Перемены в жизни Чехословакии в ту весну происходили с характерной для революции скоростью или, точнее, сжатостью времени. Была полностью ликвидирована всяческая цензура, образовывались новые партии — социал-демократическая, Объединение беспартийных активистов, Партия рабочих советов и ряд других, возникали независимые органы массовой информации, промышленные предприятия получили настоящую самостоятельность и на них создавались рабочие советы, была восстановлена независимость профсоюзов. И все это — без малейших актов насилия и экстремизма, в атмосфере всеобщего подъема и единения.
Очень важно также отметить, что идеи и импульсы перемен шли не сверху, от власти, а из гущи общества. Сначала появилась программа интеллигенции — «Две тысячи слов», а потом уж партийное руководство выдвинуло свою «Программу действий». Программа социально-экономических реформ была разработана в академических кругах под руководством директора института экономики АН Ота Шика. В Чехословакии большая часть академической интеллигенции не равнялась на власть, на партию, на марксистскую идеологию.
С пражскими студентами я проводил очень много времени. Мы ездили с ними по Подмосковью, встречались на вечеринках и ходили на просмотры чешских фильмов, на которые они меня приглашали. Фильмы демонстрировались в клубах в полузакрытом режиме. Многие в России сейчас забыли или вообще никогда не знали, что еще до начала Пражской весны, в предыдущие несколько лет киноискусство Чехословакии достигло такого расцвета, что характеризовалось на Западе как «чехословацкое киночудо». И фильмы, которые мне удалось посмотреть в Москве, были действительно замечательными, отличались отсутствием всякой казенщины, штампов, искрились швейковским юмором. Поражало, насколько либеральнее, чем в Советском Союзе, должна была быть атмосфера в Чехословакии еще при просоветском режиме, если могли тогда появляться подобные фильмы. Было даже немного непонятно, отмены какой еще цензуры добивались активисты Пражской весны? Взлет чехословацкого киноискусства давал представление о том, насколько глубоки были корни разразившейся в 68-м году революции.

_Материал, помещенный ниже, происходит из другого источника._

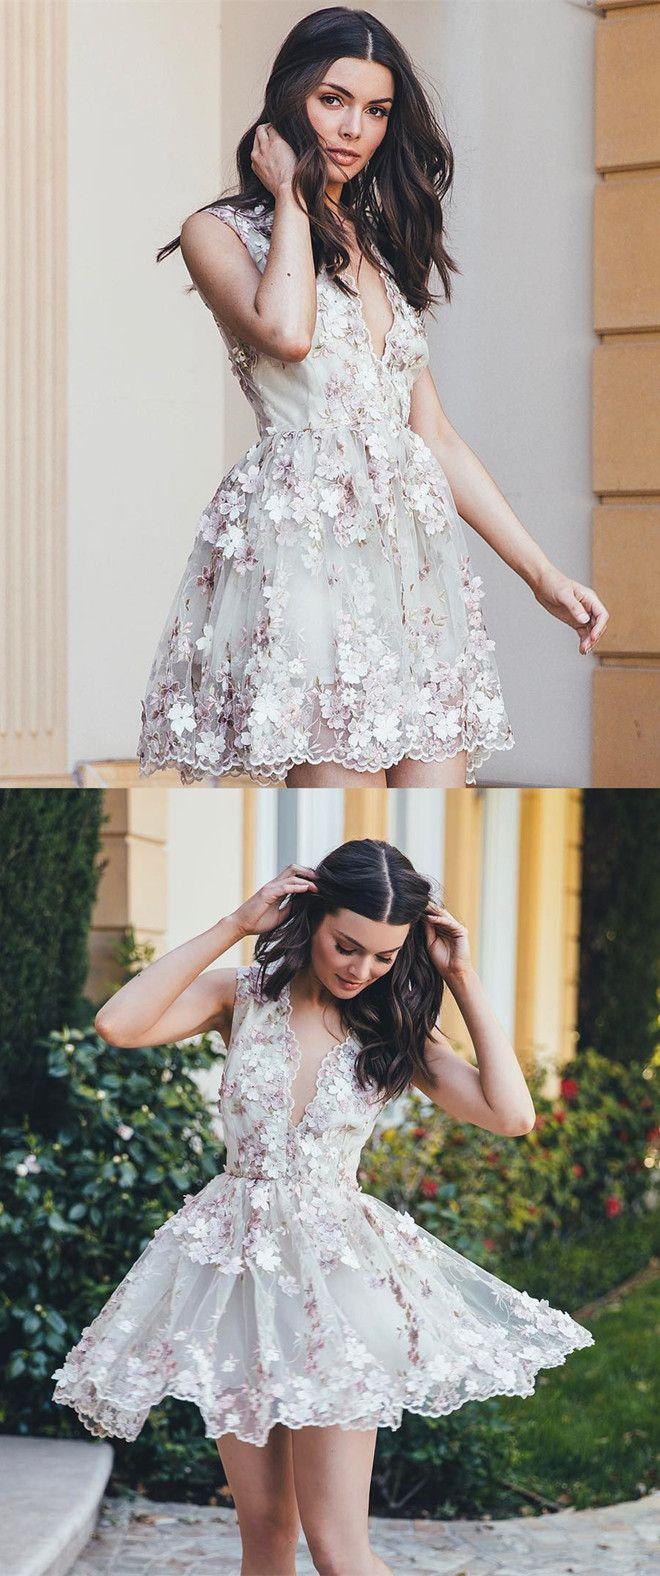 best applique images on pinterest classy dress cute dresses

После советской оккупации большинство деятелей чехословацкого кинематографа эмигрировали на Запад, и многие из них там не затерялись. Достаточно вспомнить имя Милоша Формана, покорившего мир своим «Полетом над кукушкиным гнездом», фильмом, вошедшим в классику мирового киноискусства.
Запомнился характерный эпизод. Моим чехословацким друзьям очень понравилось озеро около станции Кратово, на которое я их водил купаться. Однажды они пошли туда сами, без меня, и взяли напрокат лодку под свой паспорт. Катаются они себе на лодочке, и вдруг к ним подруливает милицейская моторка. Оказывается, зона Кратово была закрыта для иностранцев: там находились «объекты» — авиационные предприятия. Все эти объекты мало того что располагались далеко от озера, так они еще были и ограждены чудовищными заборами, за проектировку которых была присуждена сталинская премия. И все равно — не положено! Милицейский начальник угрожал моим друзьям высылкой из СССР, сообщением в посольство.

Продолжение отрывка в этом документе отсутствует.